Impact of Female Leadership
Female senior authorship in all four regions showed significantly higher percentages of female first authors (p<0.001), total female authors (p<0.001), and percentage of female authors per manuscript (p<0.001) (Table 2, 3, 4, 5). Female senior authorship in the UK (OR: 4.56; 95% CI [3.66, 5.69]; p<0.001), the US (OR: 3.97; 95% CI [3.32, 4.74]; p<0.001), Germany (OR: 2.13; 95% CI [1.65, 2.71]; p<0.001), and East Asia (OR: 3.39; 95% CI [2.27, 4.99]; p<0.001) showed significantly greater odds for first female authorship (Table 6). 

Comparison of Female Authorship Odds by Country
The UK had significantly higher odds of first female authorship compared to the US (OR: 2.02; 95% CI [1.80, 2.27]; p<0.001), Germany (OR: 1.85; 95% CI [1.64, 2.10]; p<0.001), and East Asia (OR: 2.00; 95% CI [1.67, 2.41]; p<0.001) (Table 7). Most importantly, the UK had significantly higher odds of senior female authorship compared to the US (OR: 2.37; 95% CI [2.08, 2.70]; p<0.001) and East Asia had significantly higher odds of senior female authorship than the US (OR: 1.33; 95% CI [1.10, 1.60]; p = 0.003). Furthermore, the UK also had significantly higher odds of combined first and senior female authorship compared to the US (OR: 3.33; 95% CI [2.75, 4.04]; p<0.001). Lastly, Germany showed significantly decreased odds of combined first and senior female authorship compared to the US (OR: 0.65; 95% CI [0.50, 0.82]; p<0.001).

Discussion
The most important finding of this study is that the UK leads in promoting female authorship with the highest rates of female first, last, and combined authorship compared to the US. The UK had 24.0% of articles with first female authors, 18.3% of articles with first senior authors, 9.2% of articles with first and senior female authors, average female author per article at 1.52, average percentage of female authors per article at 23.58%. The US in comparison 13.5% of articles with first female authors, 8.7% of articles with first senior authors, 3.0% of articles with first and senior female authors, average female author per article at 0.84, average percentage of female authors per article at 14.27%. The UK uniformly leads across the board in female rates, while the US is the lowest or tied for the lowest in first female authorship rates, average female authors per article, and average percentage of female authors per article.
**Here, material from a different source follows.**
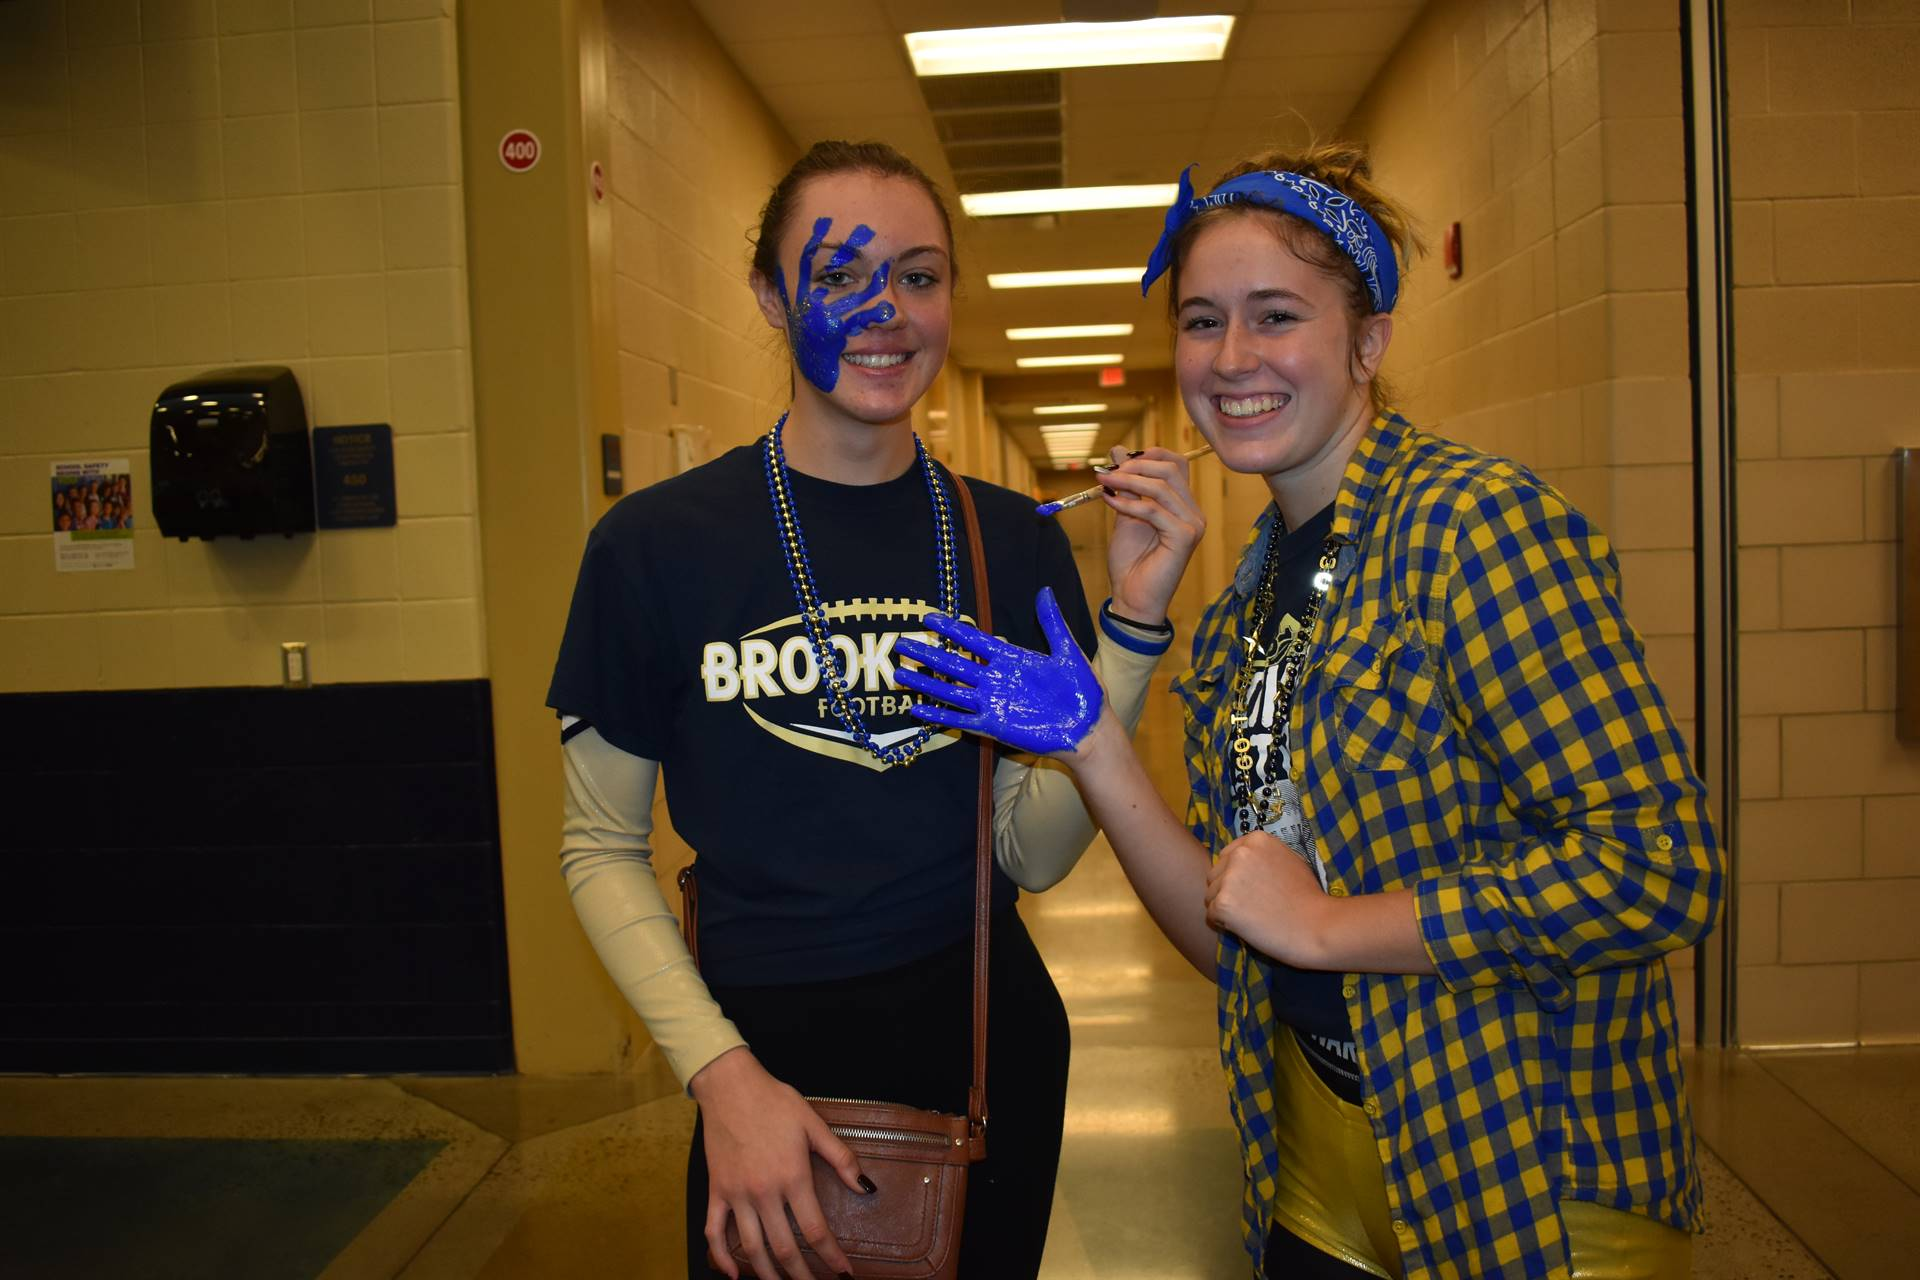 Brookfield High School Spirit Week

Our findings were similar if not better than those found in the current literature. In Germany, women accounted for only 6.1% of orthopedic articles in a German university department18. In the official journal of the Japanese Orthopaedic Association, only 6.5% of first authors were female, and 3.5% senior authors were female19. We found higher rates of female first, senior authorship, and overall involvement in East Asia and Germany. This may be due to the wider scope of our study compared to the ones in Germany and Japan which only looked at a select journal and university. These results show a broader context of the situation in the respective regions.
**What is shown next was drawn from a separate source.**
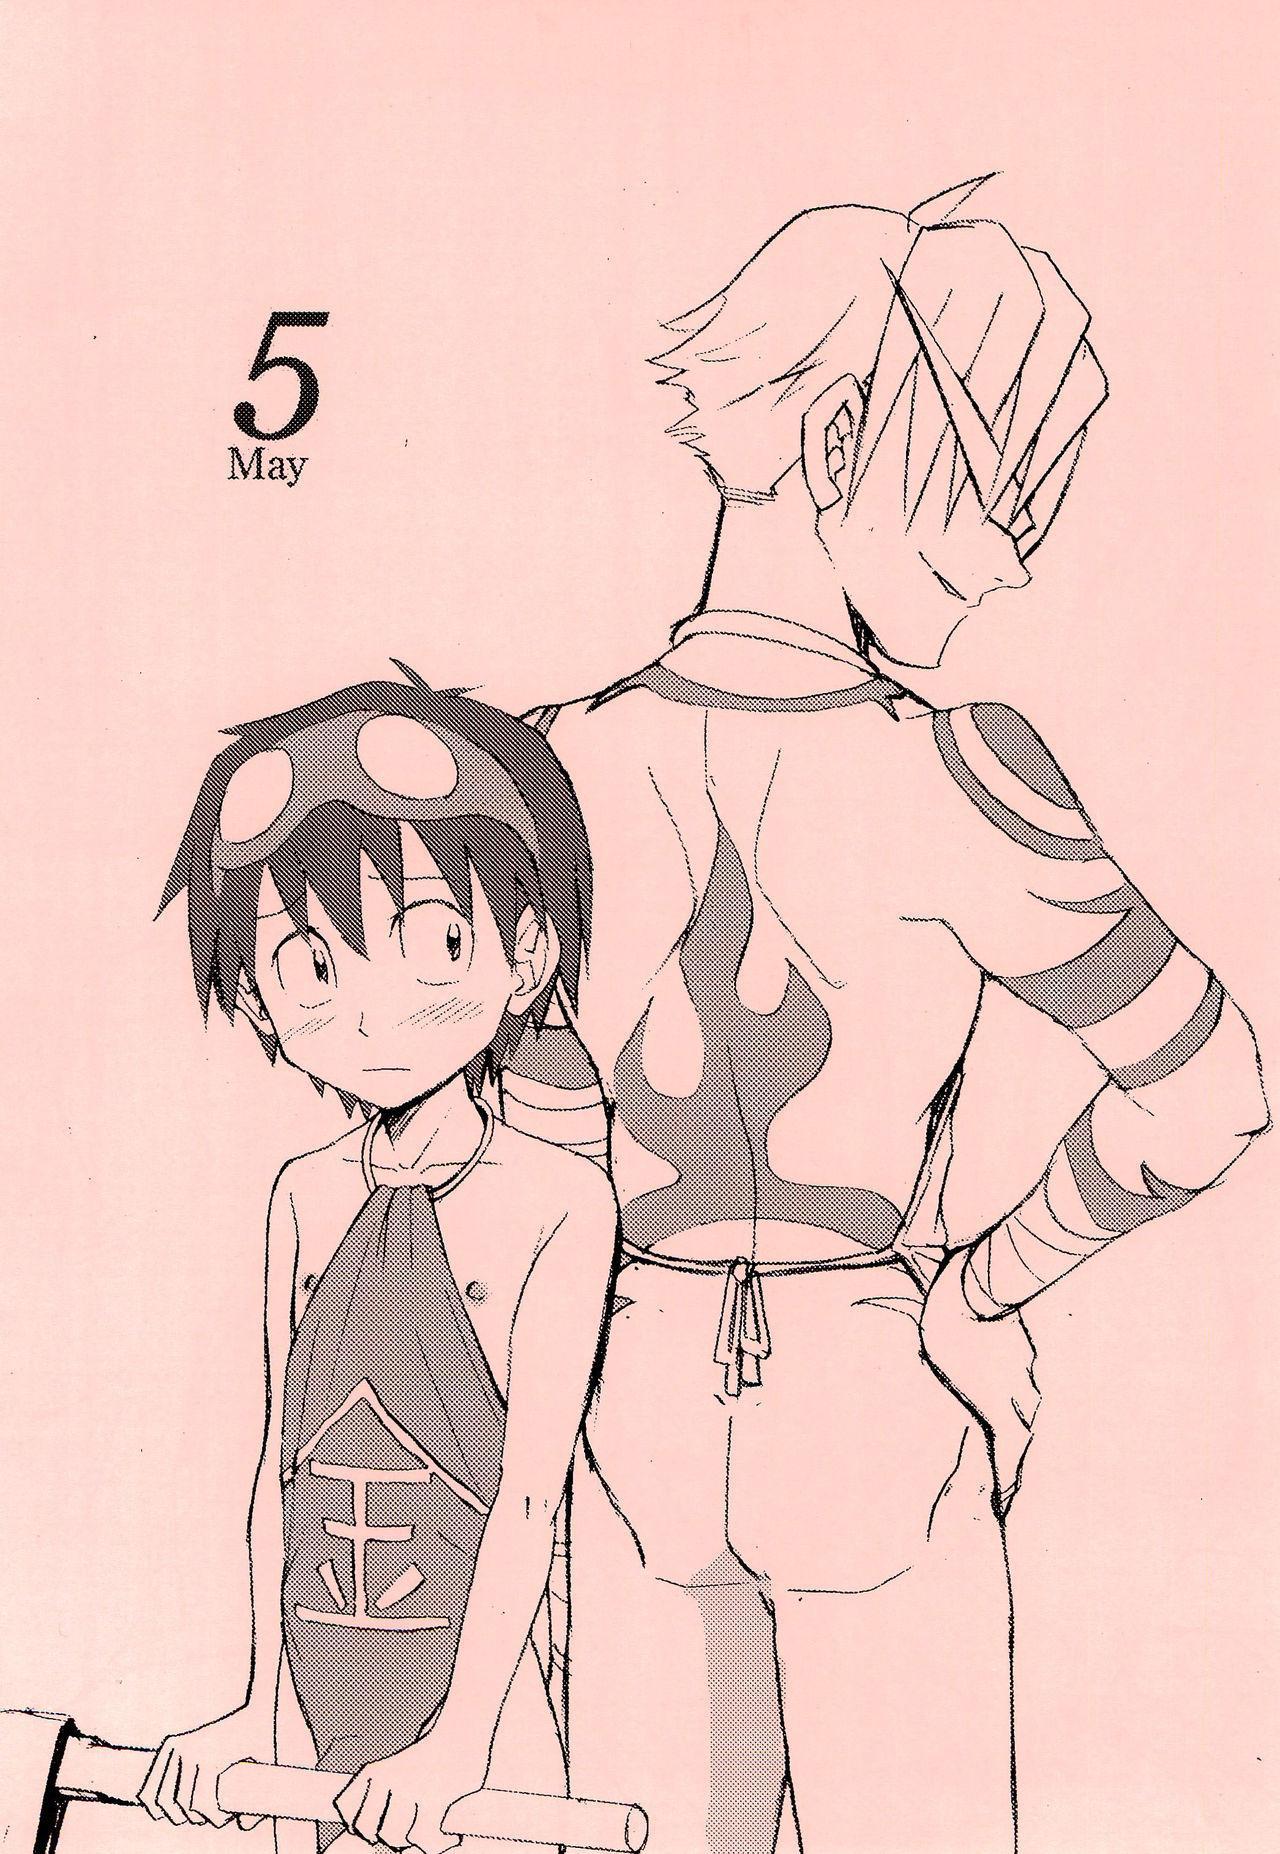 (C72) [Shamon Tei (Shamon)] KamiShimo to Ichinenjuu 2007-nen 9-gatsu - 2008-nen 8-gatsu Calendar (Gurren Lagann) 9

The gender disparity in orthopedic surgery remains a significant challenge, with female representation notably lower across various professional levels in both the United Kingdom and the US. However, the UK still has markedly better rates than the US. In the UK, 21 percent of orthopedic trainees are women, compared to 18.3 percent in the US, but this representation dwindles at the consultant level, with only 7.3 percent female consultants in the UK and 6 percent in the US1,20–22. These figures reflect broader trends in professional visibility as well: over the past 15 years, only 10.2 percent of speakers at British Orthopaedic Association (BOA) meetings were women, and this figure drops to 6.8 percent for the American Academy of Orthopaedic Surgeons (AAOS)23,24. Membership statistics reinforce these differences, with women making up 11 percent of BOA membership compared to just 6.5 percent in the AAOS25,26. 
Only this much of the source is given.